This next one is sure to upset those who spout off constantly about economics without having a clue.
Disappearing manufacturing jobs
How do we reconcile lower manufacturing employment with rising manufacturing output? In his April 3, 2006, BusinessWeek article, "The Case of the Missing Jobs," Huether says, "Since 2001, with the aid of computers, telecommunications advances, and ever more efficient plant operations, U.S. manufacturing productivity, or the amount of goods or services a worker produces in an hour, has soared a dizzying 24 percent. That's 72 percent faster than the average productivity advance during America's four most recent recession-recovery cycles dating back to the 1970s.
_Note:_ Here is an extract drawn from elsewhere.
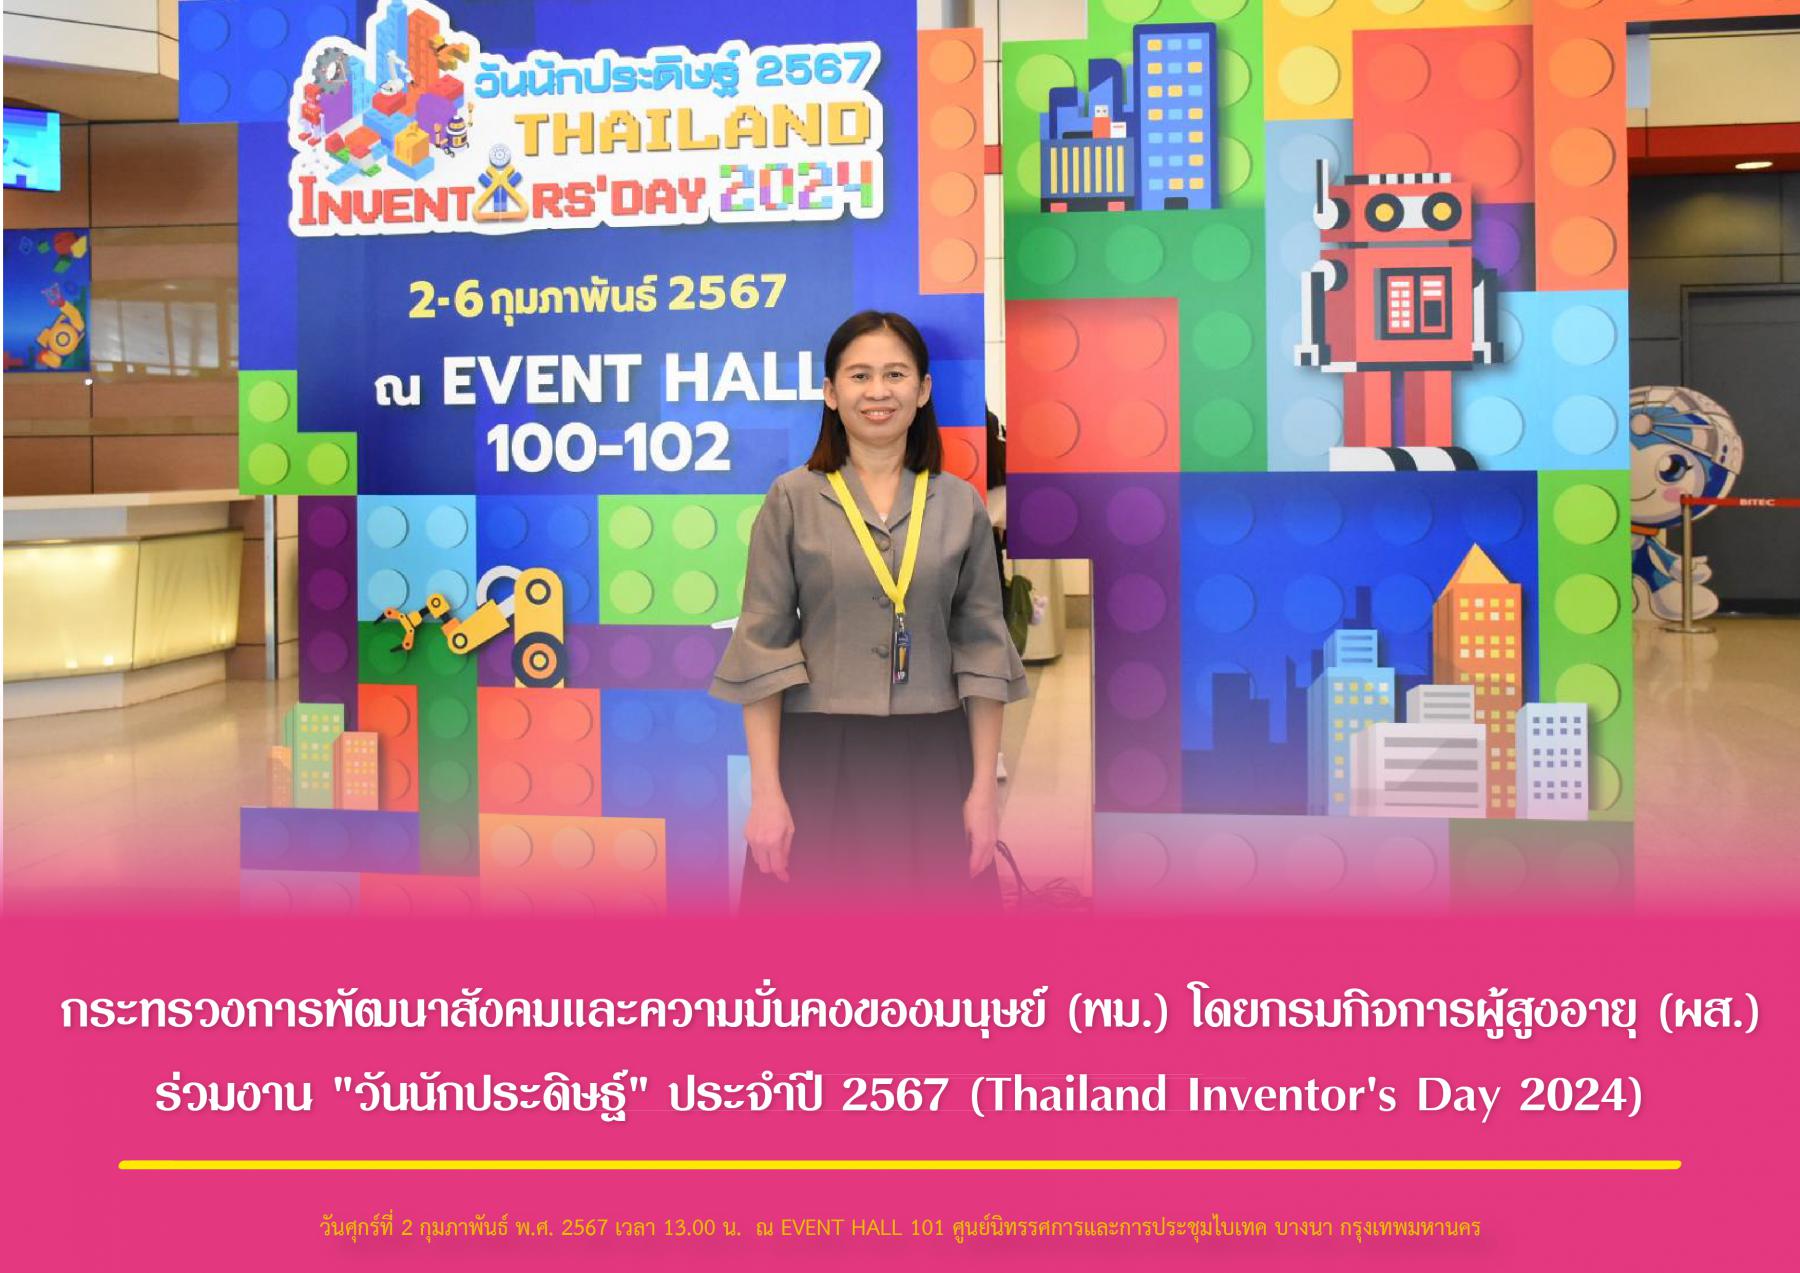 กระทรวงการพัฒนาสังคมและความมั่นคงของมนุษย์ (พม.) โดยกรมกิจการผู้สูงอายุ (ผส.) ร่วมงาน "วันนักประดิษฐ์" ประจำปี 2567 (Thailand Inventor's Day 2024)
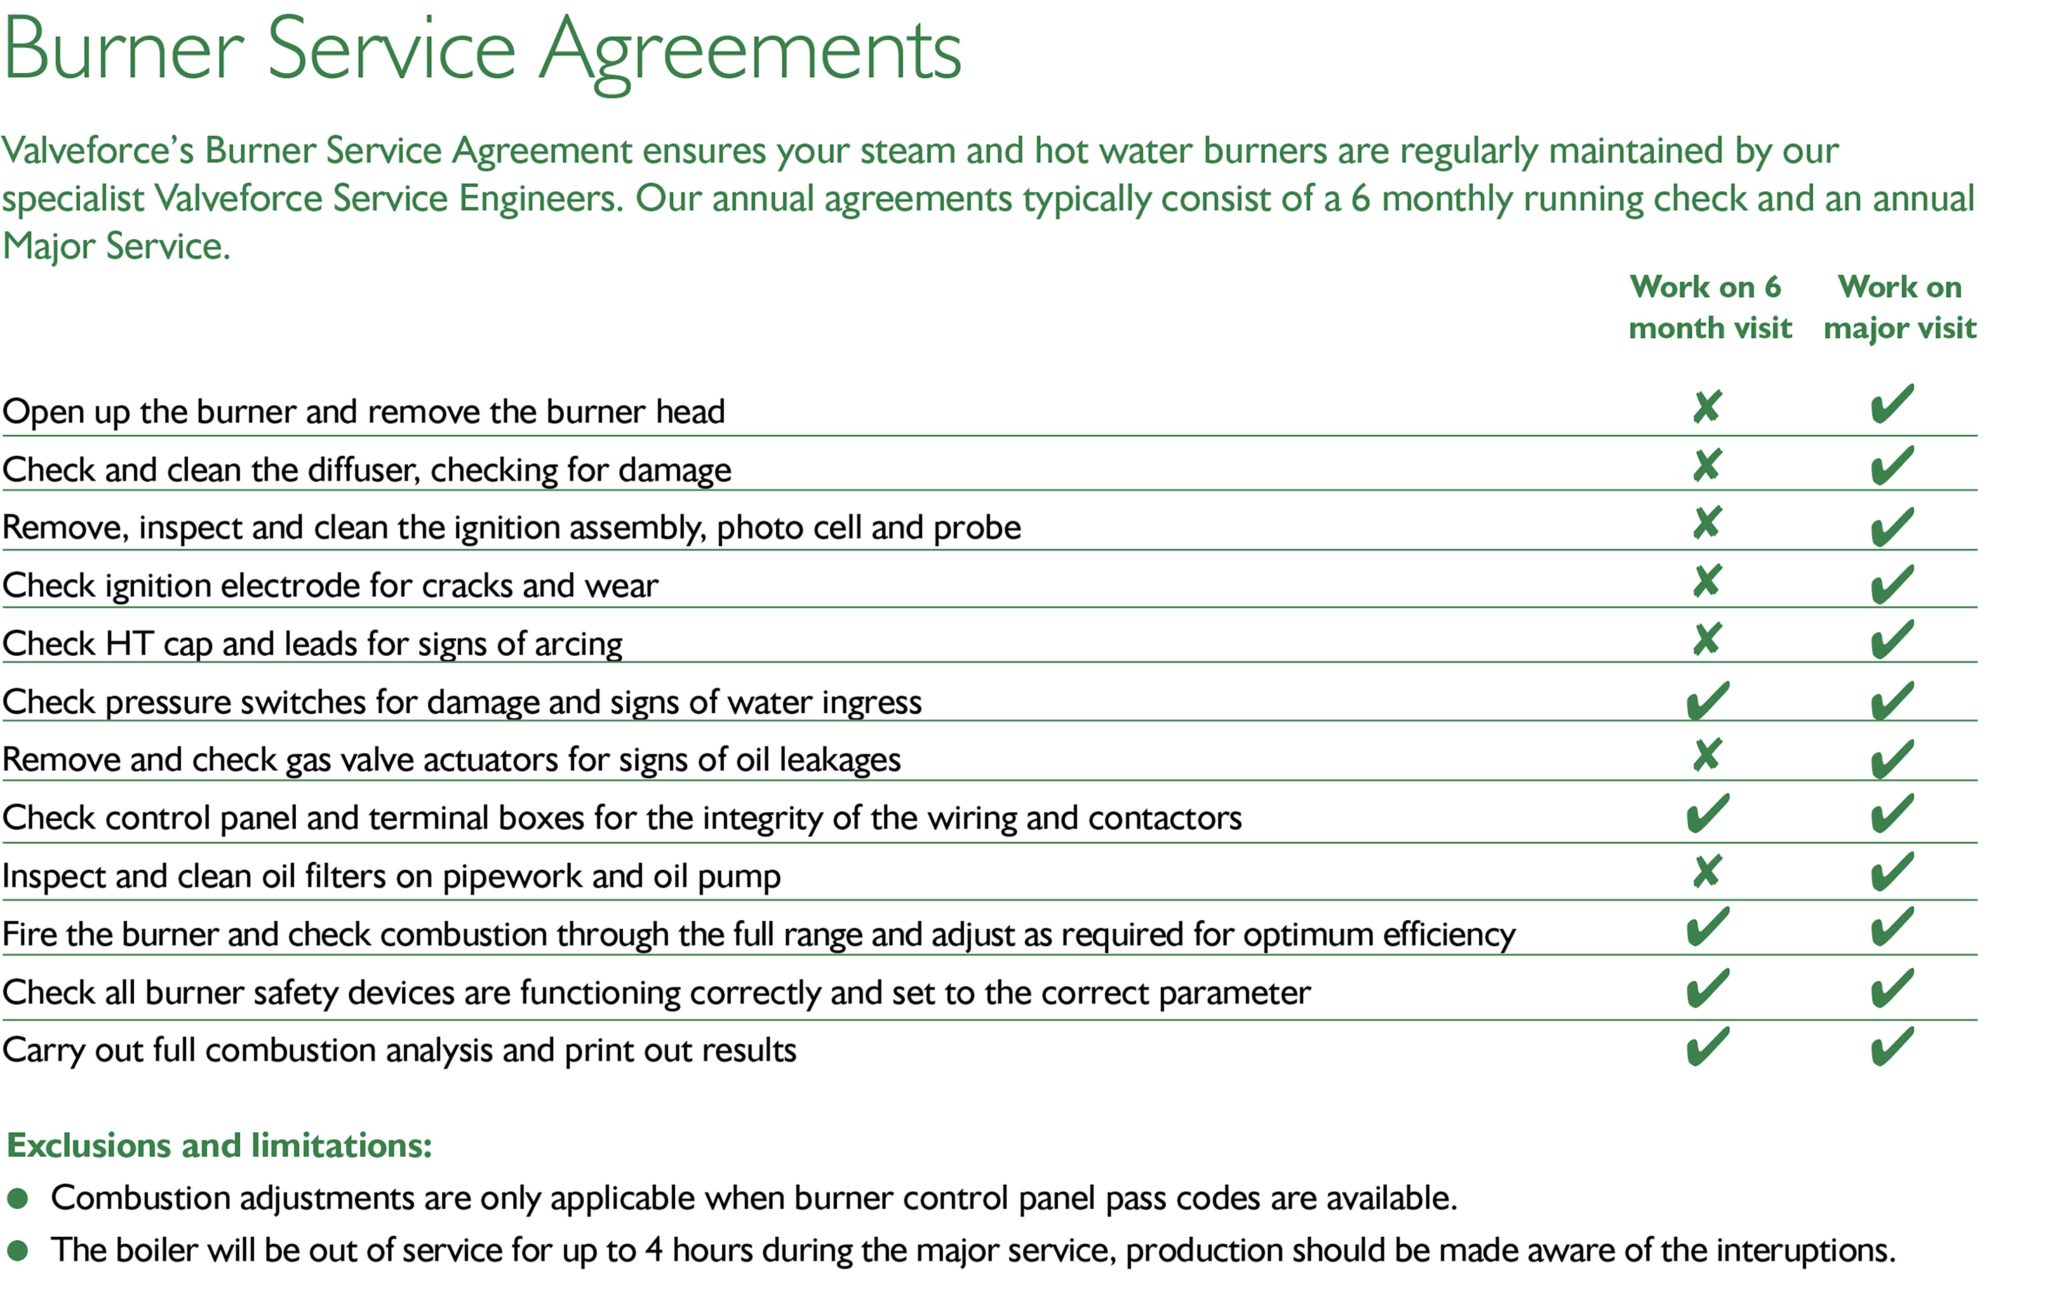 Burner Services Agreement

In short: We're making more stuff with fewer people." That means rapid economic growth doesn't translate into the kind of manufacturing job creation of earlier periods...
Economist Joseph Schumpeter referred to this process witnessed in market economies as "creative destruction," where technology and innovation destroy some jobs while creating others. While the process works hardships on some, any attempt to impede the process will make all of us worse off.
Imagine for a moment that technology hadn't destroyed most of the jobs of those 41 percent of Americans working in agriculture in 1900. Where in the world would we have gotten the manpower to make all those goods produced now that weren't even imagined in 1900? Jobs destroyed through the market forces of creative destruction make us all better off, and that applies also to job destruction that comes from peaceable, voluntary exchange with people in different cities, states and countries.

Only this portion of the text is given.